[llvm-commits] [PATCH] SmallEnumSet

Sat Jan 10 04:52:02 PST 2009

Hi Talin,

Thanks for this submission. I have some comments and questions.

> This patch contains a new container class, SmallEnumSet, and unit  
> tests for it.
>
> SmallEnumSet is inspired by SmallVector and the other "small" sets  
> in ADT.
>
 From looking at the code, it seems like this is very similar to the  
BitVector. The difference being that the size is known at compile  
time. Is it possible either to use the BitVector or modify BitVector's  
implementation so that you know the size at compile time (if that's  
important enough)?

> The keys of the set are enumeration constants, which range from 0 to  
> some maximum value which is known at compile time. Internally,  
> SmallEnumSet maintains a fixed-length bit vector, so that membership  
> in the set is represented by a single bit per possible key.
>
Enumerated values can go from negative to positive. They don't have to  
start from 0.

> Traditionally in C and C++ this sort of thing is done via a "flags"  
> field. SmallEnumSet has a number of advantages over using flags:
> 	• It's type safe.

An enum is its own type.

> 	• It has a set-like interface, so you can use "add", "contains" and  
> other set methods.

The std::set doesn't use "add" or "contains". If you're going to call  
this a set, you should use the same nomenclature: e.g. "insert",  
"find". You should also have an "iterator" associated with this class  
to keep things consistent.

> 	• It isn't limited to 32 flags or whatever the size of an integer  
> may be.

Okay.

> 	• The keys can be sequentially-numbered enumeration constants, such  
> as produced by an enum statement with default initialization - you  
> don't have to initialize your enum constants to single-bit values  
> such as "(1 << 5)" or "0x00000800", nor do you have to update all of  
> the initializers if you want to insert a new constant in the middle  
> of the sequence.

> At the same time, SmallEnumSet retains many of the advantages of an  
> integer flags field - it allocates no memory, and can efficiently be  
> passed or returned by value between functions.

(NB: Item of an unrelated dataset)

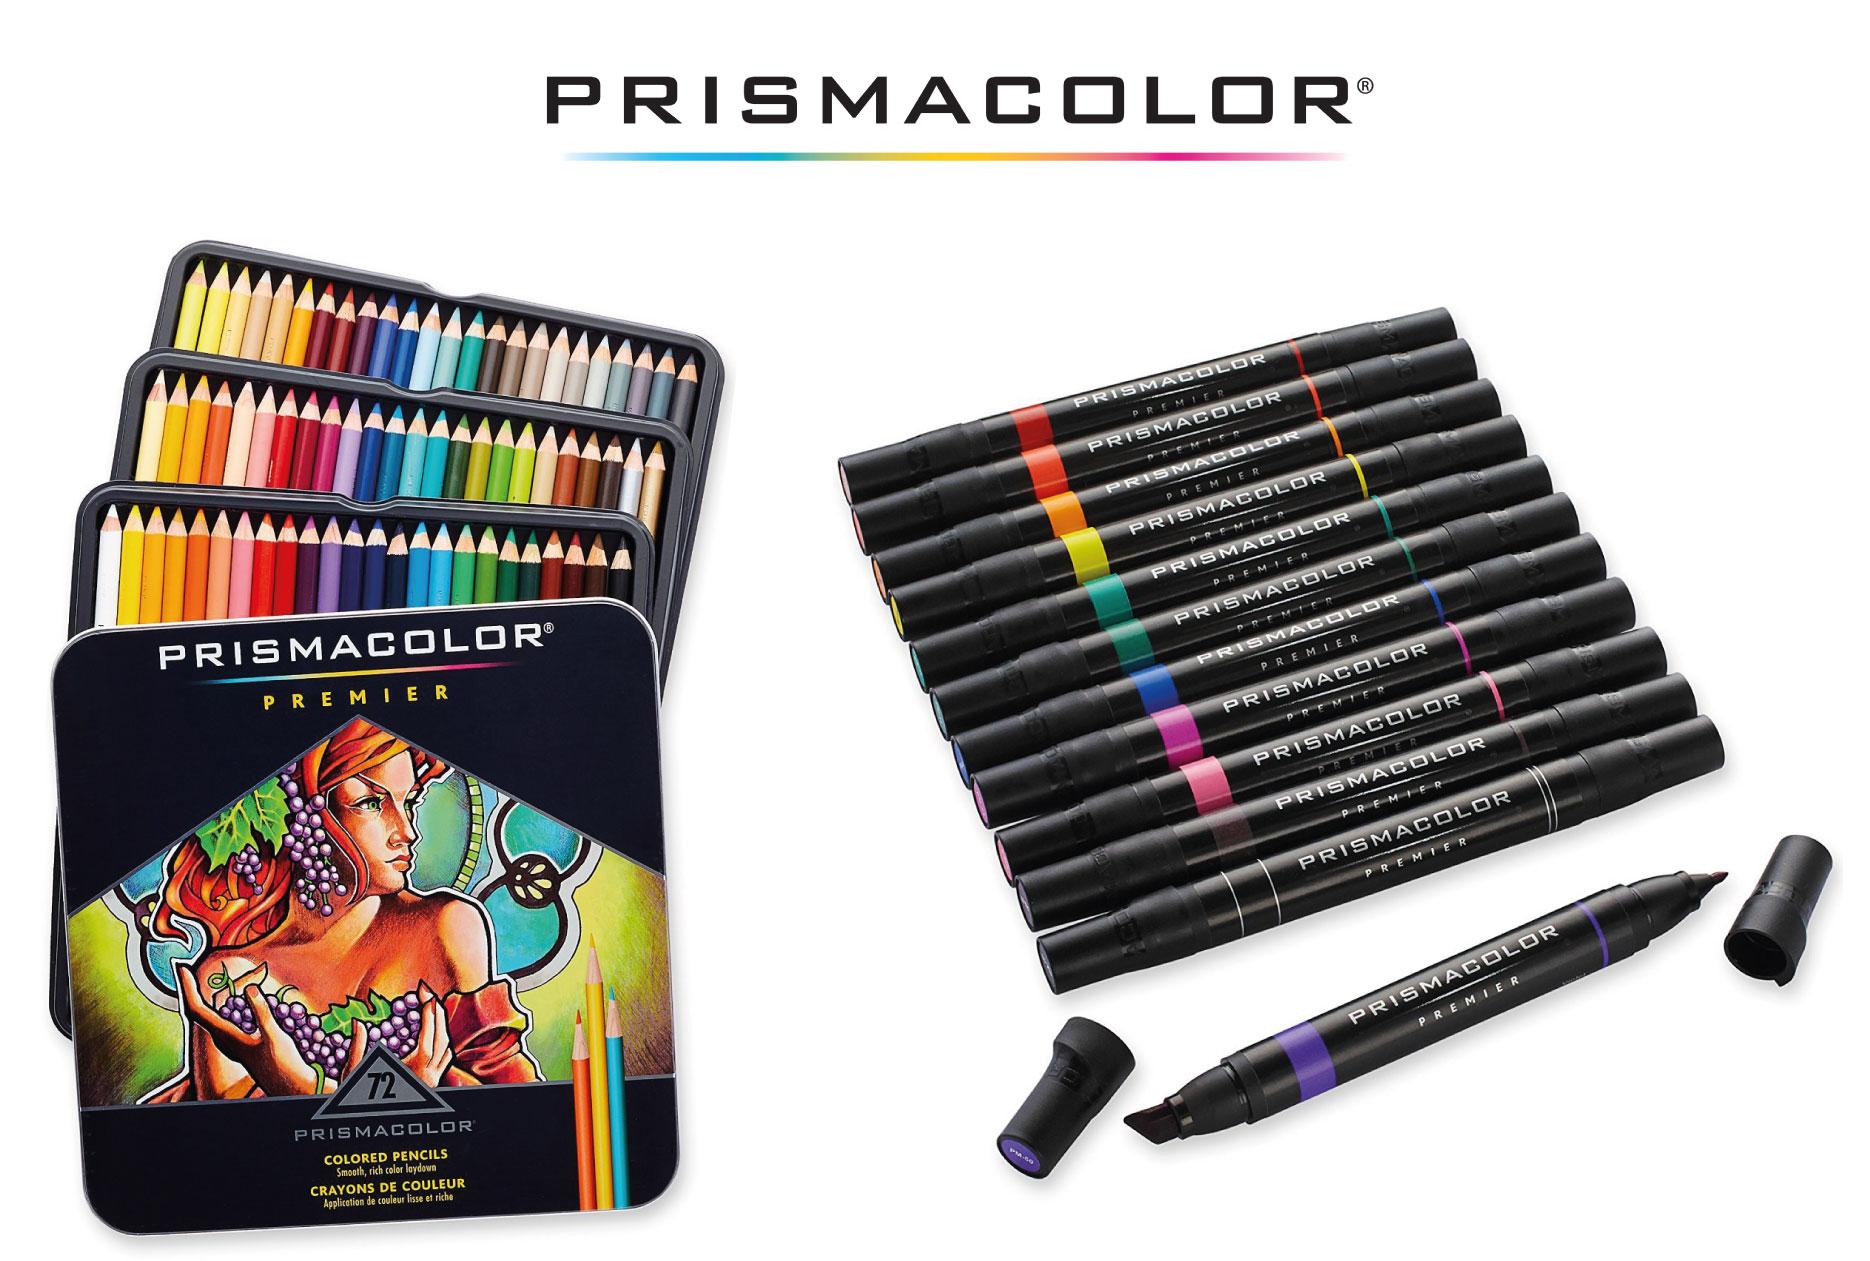 redefining prismacolor s brand language future roadmap product

This is only true if the size of the enum set is small enough that the  
array holding the values can be passed back efficiently (without  
calling memcpy or something similar).

> All of the methods of the class can be optimized down to essentially  
> the same code you would write if you were using flags.
>

A few comments inline:

+  SmallEnumSet(const SmallEnumSet & src) {
+    for (unsigned i = 0; i < NumWords; ++i) {
+      bits[i] = src.bits[i];
+    }
+  }
+

BitVector uses "std::copy" to do this. Maybe you should too?

+  bool empty() const {
+    for (unsigned i = 0; i < NumWords; ++i) {
+      if (bits[i] != 0) {
+        return false;
+      }
+    }
+
+    return true;
+  }

empty() should really execute in constant time. Maybe you could rename  
it. BitVector uses "none()" and "any()".

+  bool containsAll(const SmallEnumSet & in) const {
+    for (unsigned i = 0; i < NumWords; ++i) {
+      if ((~bits[i] & in.bits[i]) != 0) {
+        return false;
+      }
+    }
+
+    return true;
+  }

How is this different from "operator==()"?

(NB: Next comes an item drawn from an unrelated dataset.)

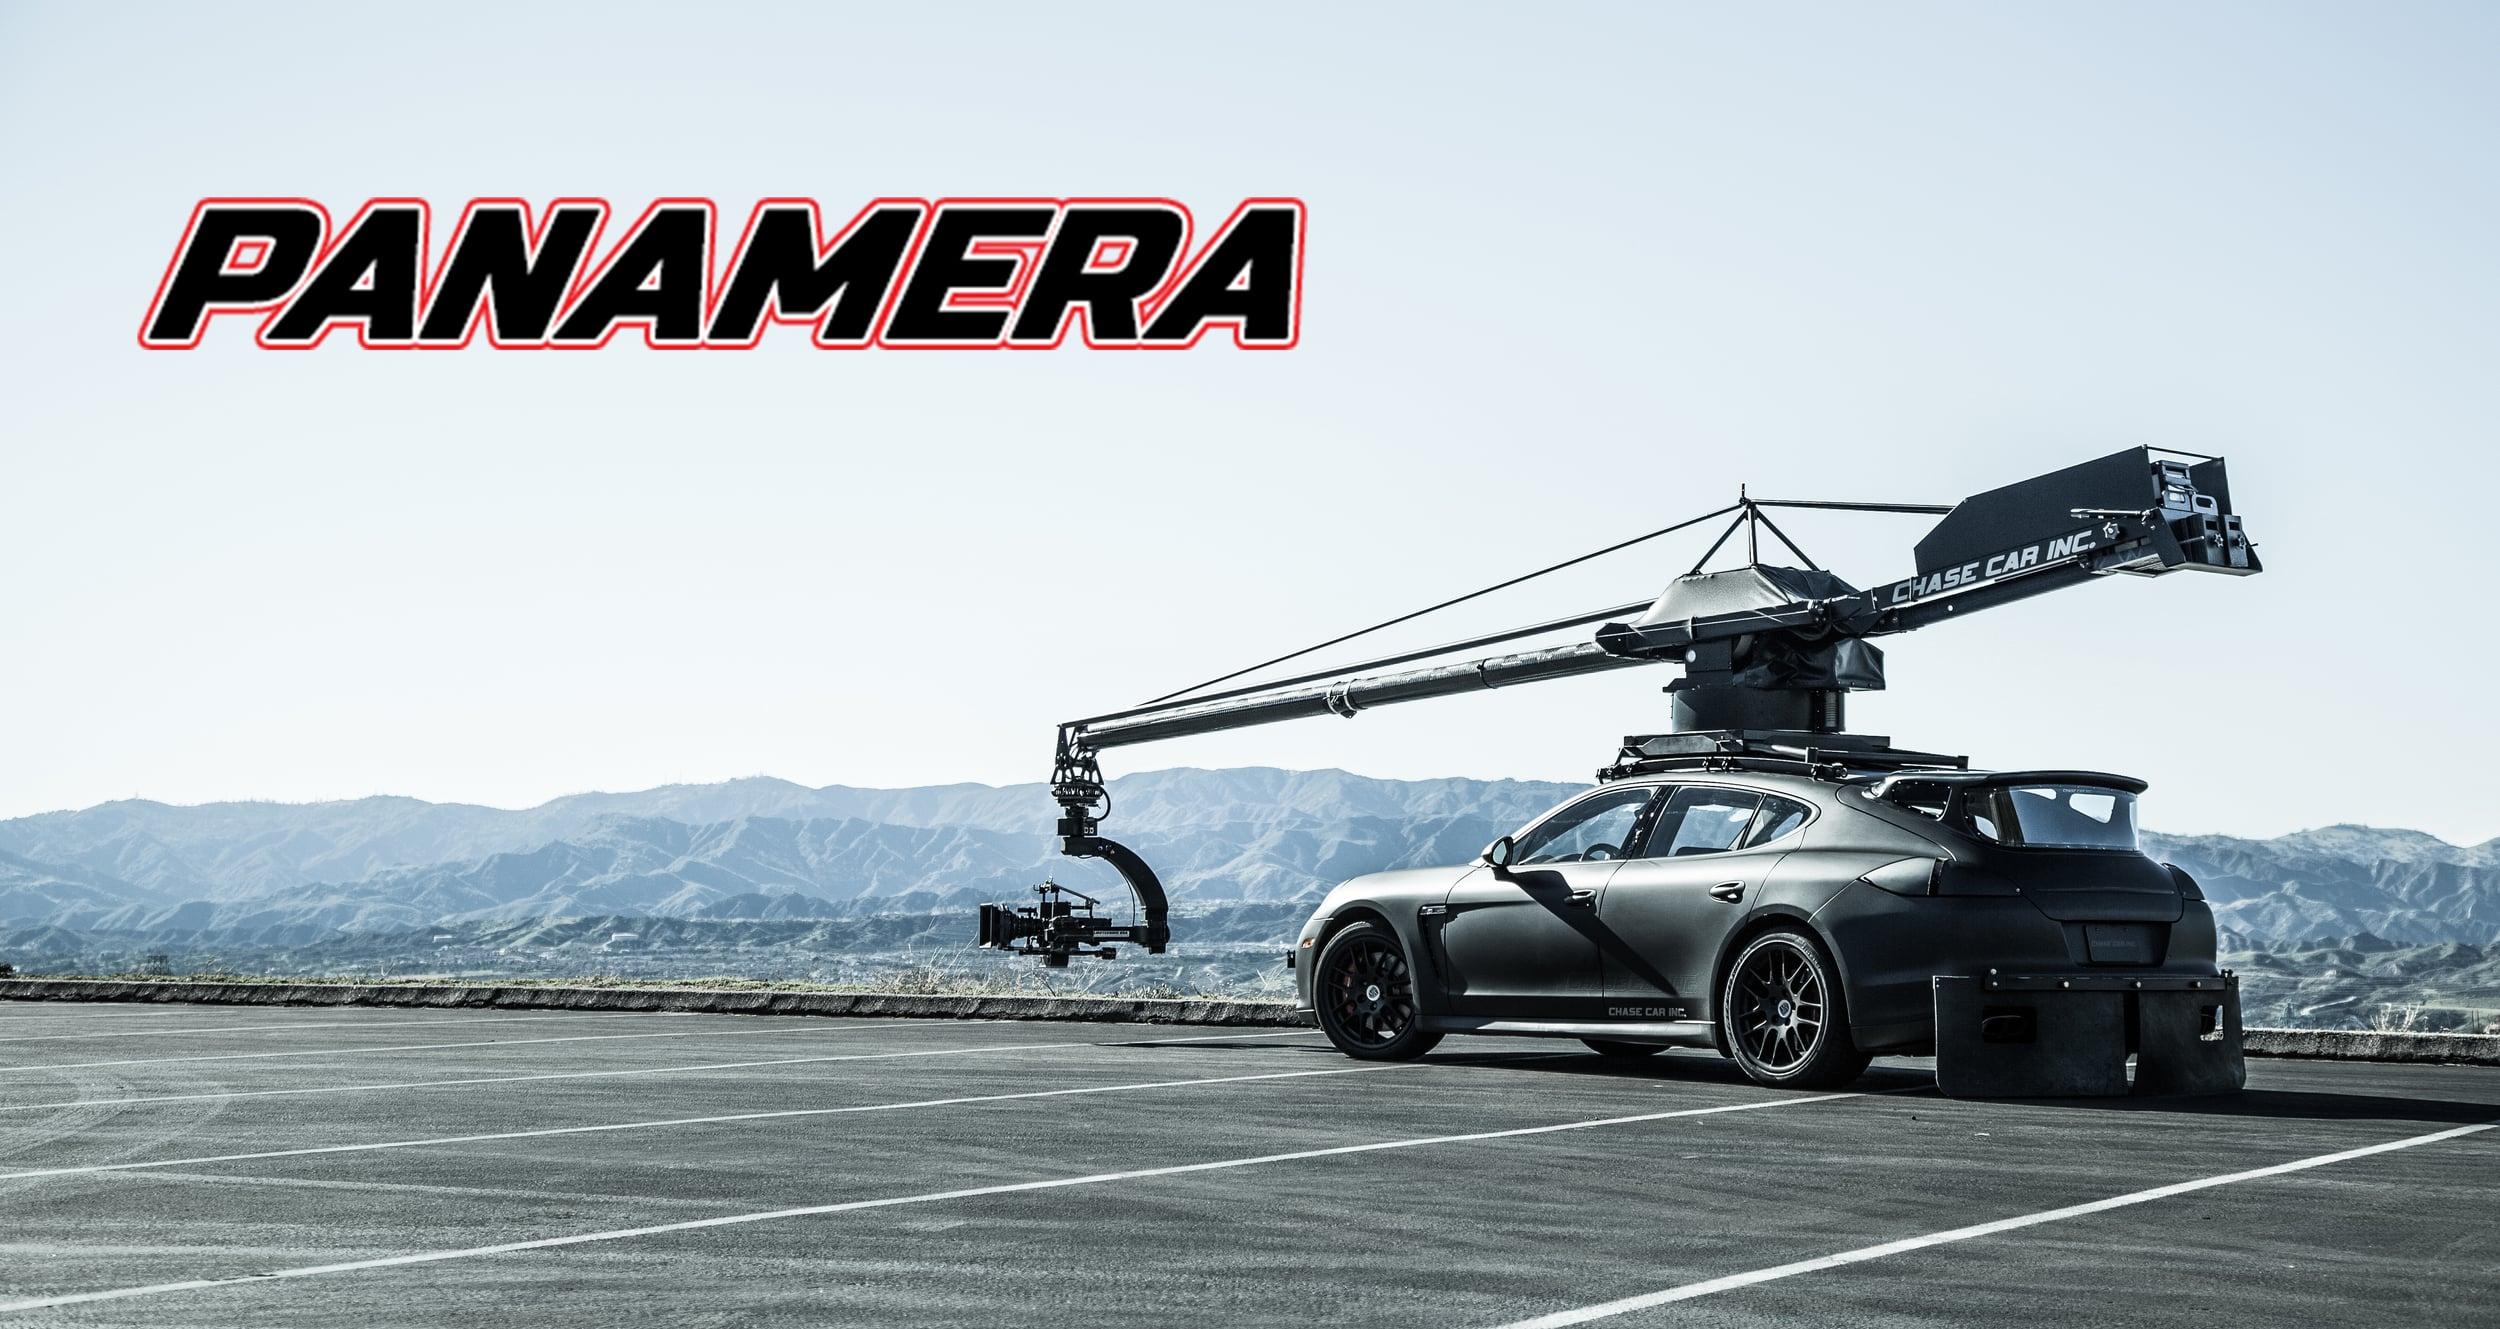 porsche-panamera-camera-car

+  SmallEnumSet & add(EnumType val) {
+    bits[wordForIndex(val)] |= bitForIndex(val);
+    return * this;
+  }

I prefer "insert" to "add" if we're calling this a "set". :-)

+  SmallEnumSet & addAll(const SmallEnumSet & in) {
+    for (unsigned i = 0; i < NumWords; ++i) {
+      bits[i] |= in.bits[i];
+    }
+    return * this;
+  }

Instead of calling this "addAll", just call it "insert", but when it's  
passed a SmallEnumSet&, it will add the whole thing.

+  SmallEnumSet & addRange(EnumType first, EnumType last) {
+    unsigned firstWord = wordForIndex(first);
+    unsigned lastWord = wordForIndex(last);
+    if (firstWord == lastWord) {
+      bits[firstWord] |= maskForIndex(first) & ~maskForIndex(last);
+    } else {
+      bits[firstWord] |= maskForIndex(first);
+      for (unsigned i = firstWord + 1; i < lastWord; ++i) {
+        bits[i] = -1;
+      }
+      bits[lastWord] |= ~maskForIndex(last);
+    }
+
+    return * this;
+  }

Same comment above. Call this "insert", etc. This should probably take  
iterators.

+  SmallEnumSet & remove(EnumType val) {
+    bits[wordForIndex(val)] &= ~bitForIndex(val);
+    return * this;
+  }
+
+  SmallEnumSet & removeAll(const SmallEnumSet & in) {
+    for (unsigned i = 0; i < NumWords; ++i) {
+      bits[i] &= ~in.bits[i];
+    }
+    return * this;
+  }
+
+  SmallEnumSet & removeRange(EnumType first, EnumType last) {
+    unsigned firstWord = wordForIndex(first);
+    unsigned lastWord = wordForIndex(last);
+    if (firstWord == lastWord) {
+      bits[firstWord] &= ~maskForIndex(first) | maskForIndex(last);
+    } else {
+      bits[firstWord] &= ~maskForIndex(first);
+      for (unsigned i = firstWord + 1; i < lastWord; ++i) {
+        bits[i] = 0;
+      }
+      bits[lastWord] &= maskForIndex(last);
+    }
+
+    return * this;
+  }

Similar comments for the "remove" statements. "erase" is more  
consistent with a "set". And you should name these all "erase", and  
have them act accordingly based on what's passed in. The last one  
should take iterators.

+  SmallEnumSet & intersectWith(const SmallEnumSet & in) {
+    for (unsigned i = 0; i < NumWords; ++i) {
+      bits[i] &= in.bits[i];
+    }
+    return * this;
+  }

It's probably sufficient to call this "intersect" instead of  
"intersectWith".

+  static SmallEnumSet noneOf() {
+    return SmallEnumSet();
+  }

This name isn't very informative. What does this mean?

+  static SmallEnumSet of(EnumType v0) {
+    return SmallEnumSet().add(v0);
+  }
+
...
+  static SmallEnumSet of(
+      EnumType v0, EnumType v1, EnumType v2, EnumType v3, EnumType v4,
+      EnumType v5, EnumType v6, EnumType v7, EnumType v8, EnumType  
v9) {
+    return  
SmallEnumSet().add(v0).add(v1).add(v2).add(v3).add(v4).add(v5)
+        .add(v6).add(v7).add(v8).add(v9);
+  }

Yikes! Please don't do this. Use "inserts" instead that loop over a  
vector of values or something similar.

+  friend SmallEnumSet operator |(
+      const SmallEnumSet & a, const SmallEnumSet & b) {
+    return unionOf(a, b);
+  }
+
+  friend SmallEnumSet operator &(
+      const SmallEnumSet & a, const SmallEnumSet & b) {
+    return SmallEnumSet(a).intersectWith(b);
+  }

Is it necessary to make these "friend" methods? They seem to use  
publicly accessible methods. (I haven't tried to compile them without  
the friend keyword, so I don't know.)

-bw